1. desalinate water. A way of embedding the energy into a useful product.

Ship out the fresh water in big plastic bags to shores where it can be used to green deserts or for consumption by humans.

The big plastic bags are a cheap, existing technology. But it didn't come true that easily, because the sources of water that some of these companies wanted to tap, were off-limits (rivers, protected by conservationists, rightly so).

2. Alternatively, you can use the electricity to make hydrogen from desalinated water and ship that out.

3. Still a better alternative might be to use the electricity locally, to power remote underwater vehicles and drills to explore for minerals.

Apparently, the rocks of many of these hydrothermal vents (and the rocks in the vicinity) show high concentrations of valuable metals (gold, silver, copper, zinc, etc...) [see link].

EDIT: I just noticed there's a post titled "geothermal from hydrothermal vents". My idea is a tad different and more focused on ways to get the energy out. It's also less aggressive in certain respects. So I'd want to keep it instead of deleting it.

django, Sep 11 2008

Nautilus Minerals http://www.nautilus...rals.com/s/Home.asp
Gold, silver, copper, zinc - for grabs [django, Sep 11 2008]

Fascinating. http://www.ted.com/...he_deep_oceans.html
[2 fries shy of a happy meal, Sep 15 2008]

[link]






       Put the "cold" part of the engine out to one side. Hot water also rises. More efficiency with the greater differential in temperature.
UnaBubba, Sep 12 2008
  

       The problem is that the vents change locations often.
[link]
  

       Hey, look - a whole new ecosystem for us to fuck up.
Loris, Sep 15 2008
  

       Use Seebeck-effect generators. [+]
8th of 7, Sep 15 2008
  

       //Hey, look - a whole new ecosystem for us to fuck up.//   

       It's not like we would tell you where our bots are drilling.   

       We will only sell you our goodies. I'm sure you'll buy.   
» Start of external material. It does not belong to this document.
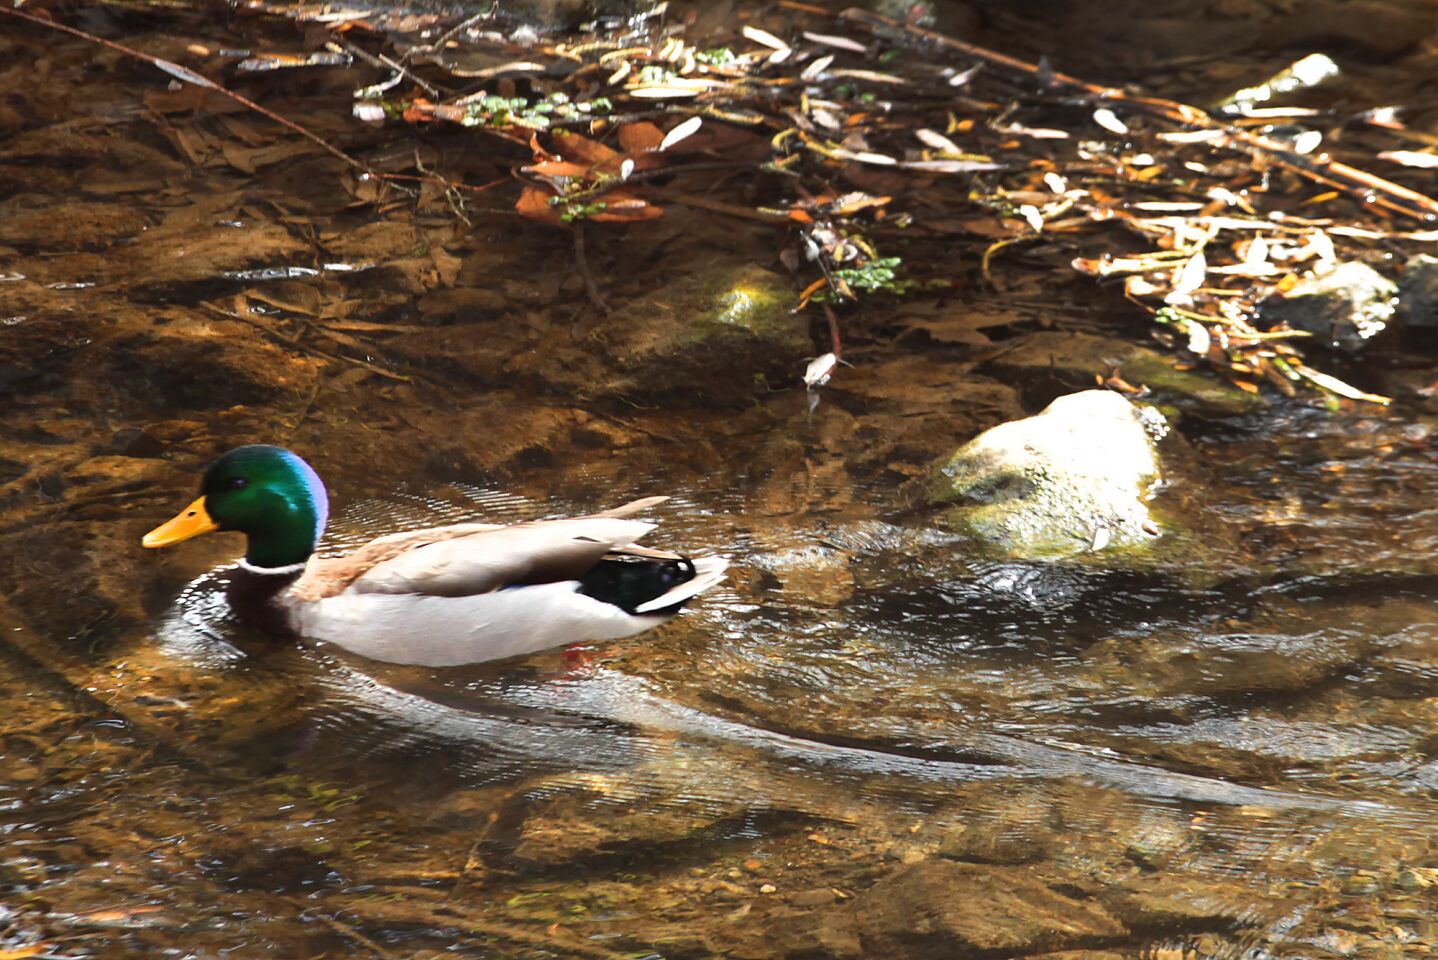 A mallard on the north fork of the Arroyo Conejo in Wildwood Park near Paradise Falls.

       Seriously, though, the drilling is not necessary, we might just want to use the electricity to desalinate water and ship it to places where we can use it to restore ecosystems that have been 'fucked up' by desertification and drought.
django, Sep 15 2008
  

       Try the UAE - they'd buy it. Fuck knows how they are going to get drinking water once their cheap electricity generators powering their desalination plants are too expensinve to run. But given they live in the desert they might actually realise there is such a thing as solar power.
williamsmatt, Sep 15 2008
  

       Solar won't get a look in while we're so obsessed with fossil fuels.
UnaBubba, Sep 15 2008
  

       In case you are talking about highly efficient multi-junction photovoltaic cells, I offer my services to go out to mine the gallium, the arsenide, the indium and the germanium at the sea floor. :-)   

       In case you're talking solar-thermal, I'm duly screwed (we were using the word 'fucking' too often anyways.)
django, Sep 15 2008
  

       The production of solar cells at the same level of industrial activity as that at which we produce oil would yield efficiencies that would make it far more viable.   

       I just watched that video clip on submarine geothermal activity... Wow!   

       I found it interesting recently to learn that big gold deposits such as Lihir, near Papua New Guinea, may have formed in a matter of hours, instead of the thousands or even millions of years they were previously assumed to require.
UnaBubba, Sep 15 2008
  

       Yeah - if only you could be there at the right time, eh?